2. Use a reference parameter and return a bool indicating whether an element was returned:

   bool pop(T& value) {
     if (stack.empty())
       return false;
     value = stack.back();
     stack.pop_back();
     return true;
   }
   

   The caller can write:

   T value;
   if (stack.pop(value)) {
     use(value);
   }
   

3. Return a boost::optional<T>.

4. Return a default-constructed T instance. This requires that T be default-constructible, which is already imposed by some std::vector member functions.

5. Throw an exception, documenting that a precondition was violated.

6. Leave the behaviour of popping an empty stack undefined.

I recommend #1, #2, or #3, depending on preference and what fits best with the surrounding code.

Answer 2

You probably still want to do the same way as std::stack that to split into std::stack::top and std::stack::pop. You don't want to pop to return a value.

Here is the explaination from http://cpptruths.blogspot.com.au/2005/10/why-does-stdstackpop-returns-void.html

http://www.sgi.com/tech/stl/stack.html explains

[3] One might wonder why pop() returns void, instead of value_type. That is, why must one use top() and pop() to examine and remove the top element, instead of combining the two in a single member function? In fact, there is a good reason for this design. If pop() returned the top element, it would have to return by value rather than by reference: return by reference would create a dangling pointer. Return by value, however, is inefficient: it involves at least one redundant copy constructor call. Since it is impossible for pop() to return a value in such a way as to be both efficient and correct, it is more sensible for it to return no value at all and to require clients to use top() to inspect the value at the top of the stack.

std::stack < T > is a template. If pop() returned the top element, it would have to return by value rather than by reference as per the of above explanation. That means, at the caller side it must be copied in an another T type of object. That involves a copy constructor or copy assignment operator call. What if this type T is sophisticated enough and it throws an exception during copy construction or copy assignment? In that case, the rvalue, i.e. the stack top (returned by value) is simply lost and there is no other way to retrieve it from the stack as the stack's pop operation is successfully completed!

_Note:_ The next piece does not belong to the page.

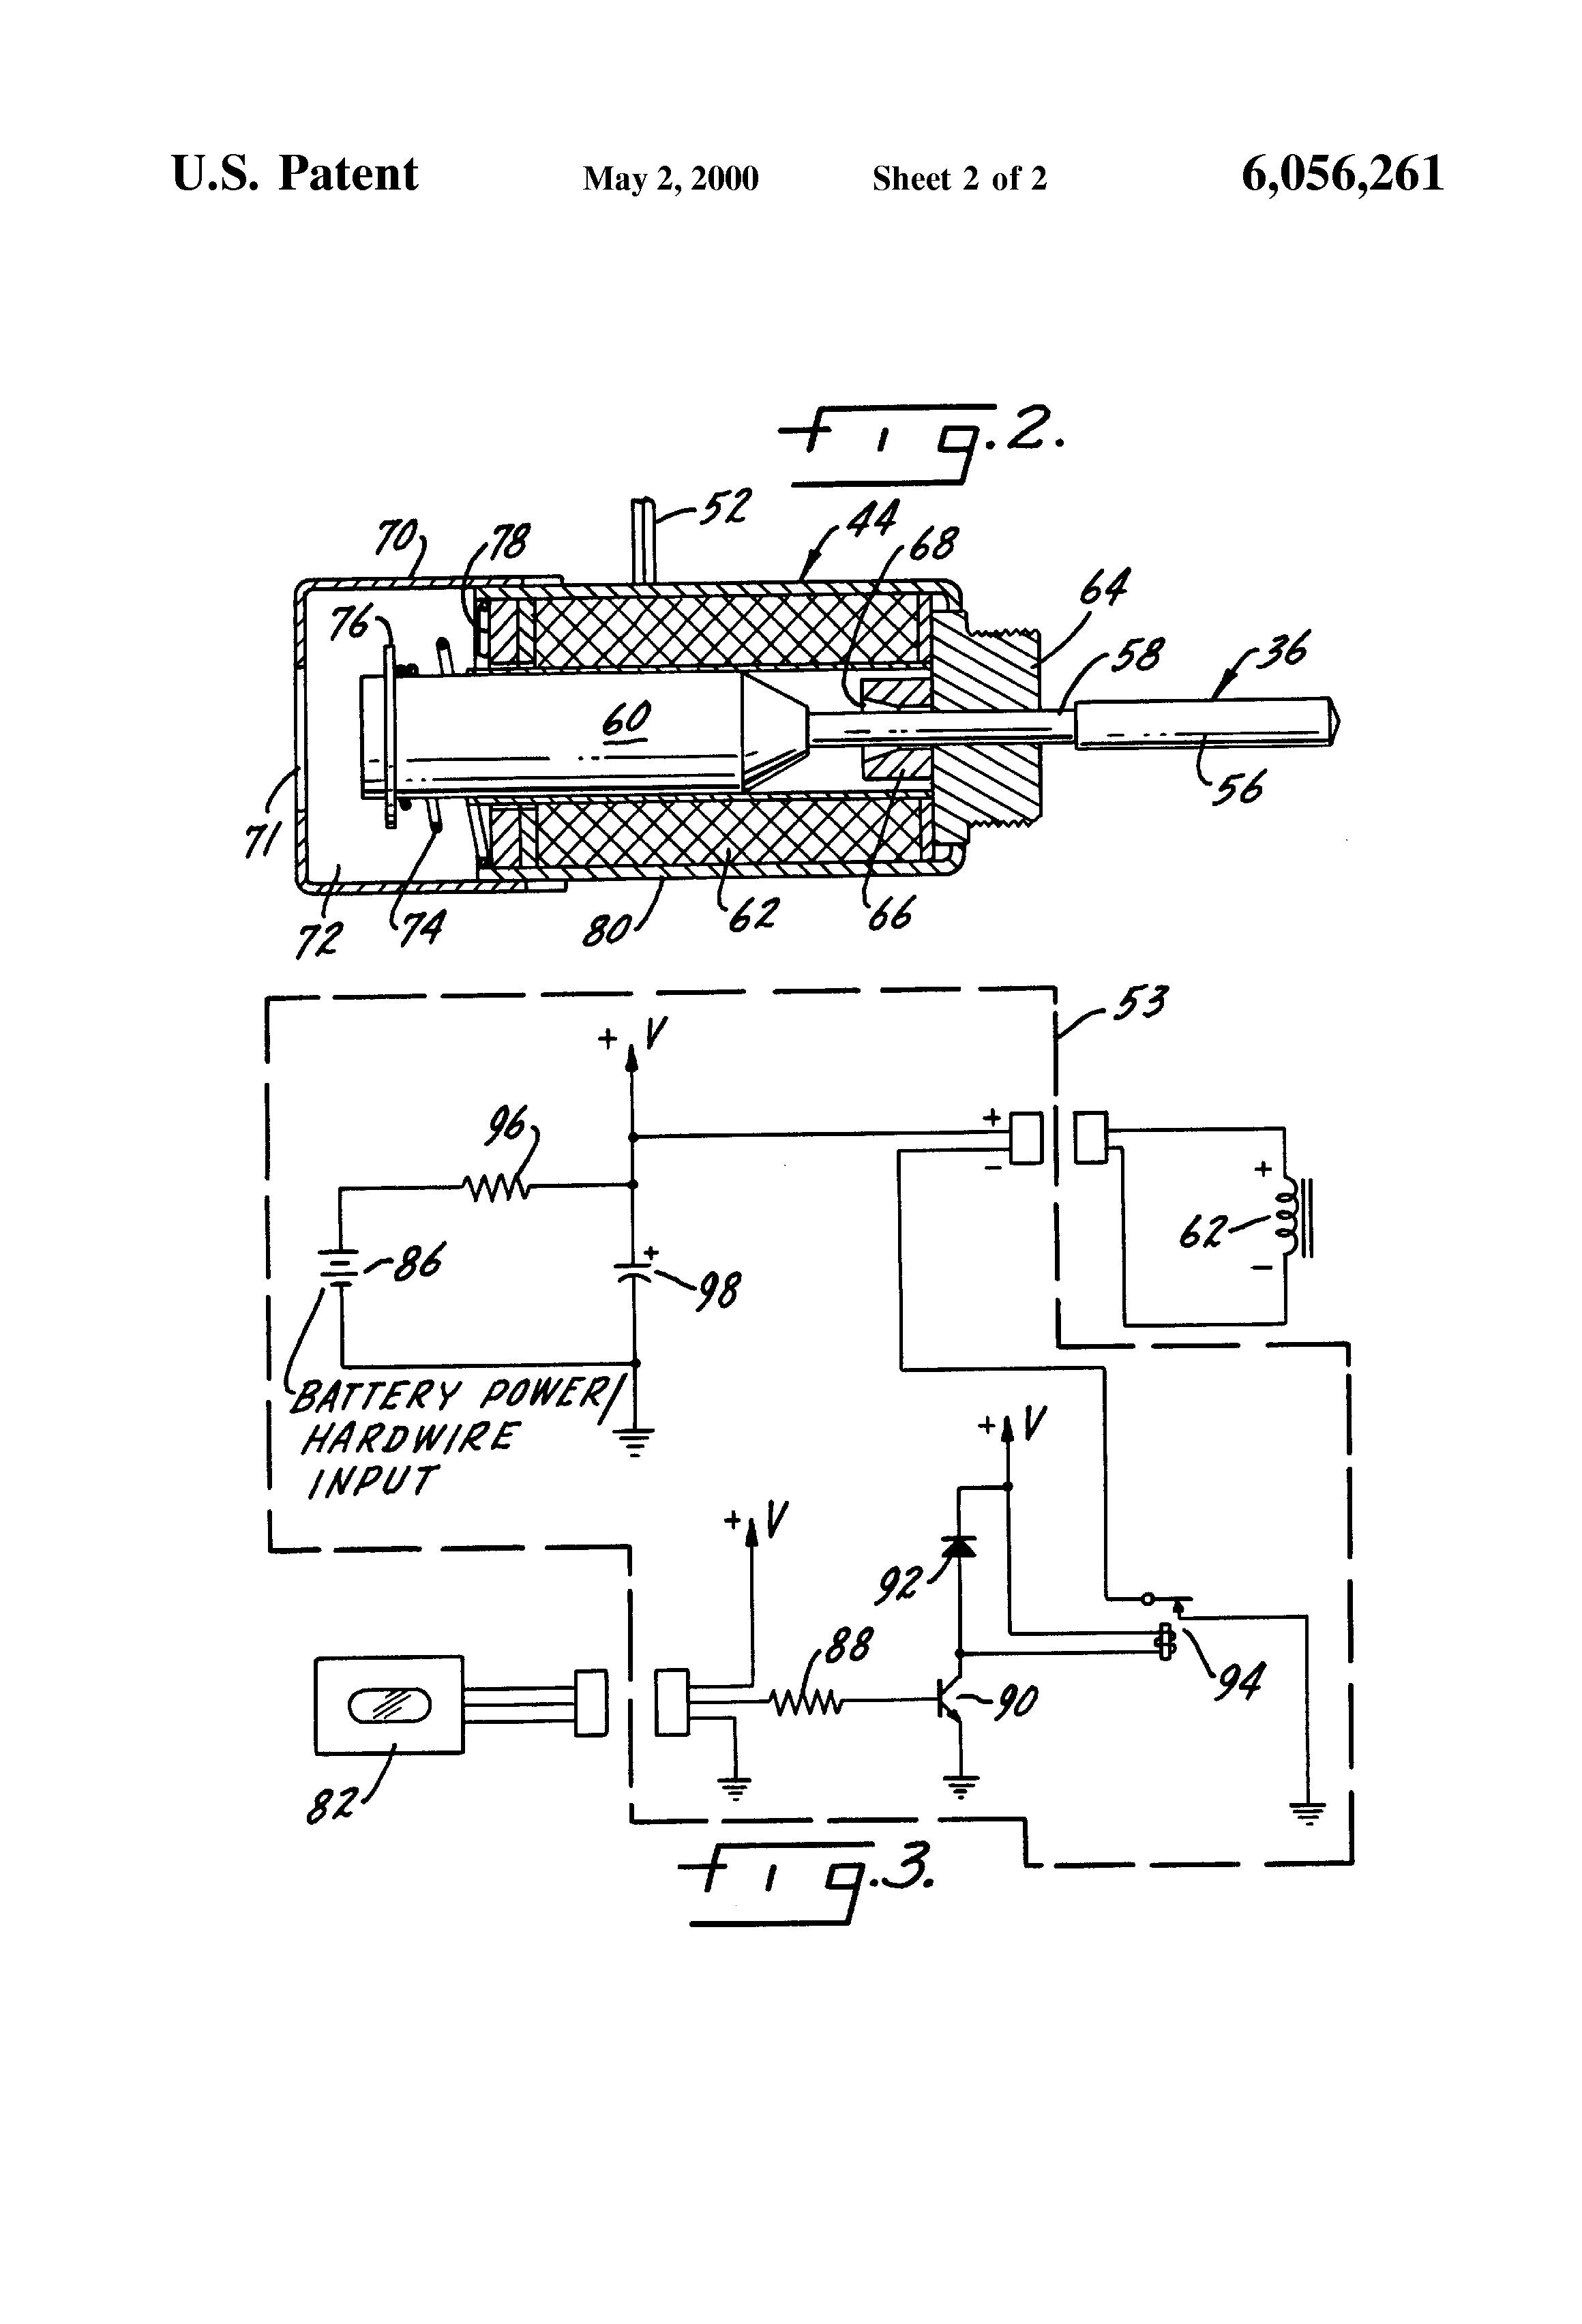 Ideas, sloan sensor faucet solenoid sloan sensor faucet solenoid patent us6056261 sensor operated solenoid direct drive flush 2320 x 3408  .

The practice way is to use pop(), top(), empty() together:

T top()
{
   return stack[size()-1];
}

void pop()
{
   stack.erase(stack.begin()+stack.size()-1);
}

usage:

if (!stack.empty())
{
    T t = top();
    pop();
}

Answer 3

You can also do something like declare the pop method as void or even better, bool to get the status of the operation and pass the T type as an argument by reference in order to store the result in it:

bool Pop (T& item)
{
    if (stack.size() != 0)
       {
           // your code
           item = temp; // you can even use item instead of temp from the begining

           return true;
       }
    return false;
}

Answer 4

Here's one way of doing this. The idea is to package a Boolean flag together with the result in a tuple. The flag indicates whether there is a result or not. Notice though that the current implementation requires T to be default constructible.

template<class T>
class Stack
{
private:
    std::vector<T> stack;

public:
    typedef std::tuple<bool, T> return_t;

    void Push(const T& t)
    {
        stack.push_back(t);
    }

    return_t Pop()
    {
        if (stack.size()!=0)
        {
            T temp;
            temp=stack[stack.size()-1];
            stack.erase(stack.begin()+stack.size()-1);
            return std::make_tuple(true, temp);
        }
        else
            return std::make_tuple(false, T());
    }
};
int main()
{
    Stack<int> my_stack;
    bool has_result;
    int result;

    my_stack.Push(5);
    std::tie(has_result, result) = my_stack.Pop();
    std::cout << "has result = " << has_result << "\n";
    std::cout << "result = " << result << "\n";

    std::tie(has_result, result) = my_stack.Pop();
    std::cout << "has_result = " << has_result << "\n";
}

Answer 5

There are a couple of alternatives. One is to return an instance of T constructed with the standard constructor:

return T();

Another way would be to return a special sentinel wrapper object, that can be implicitly converted to T, and have a comparison operator so the user can check it.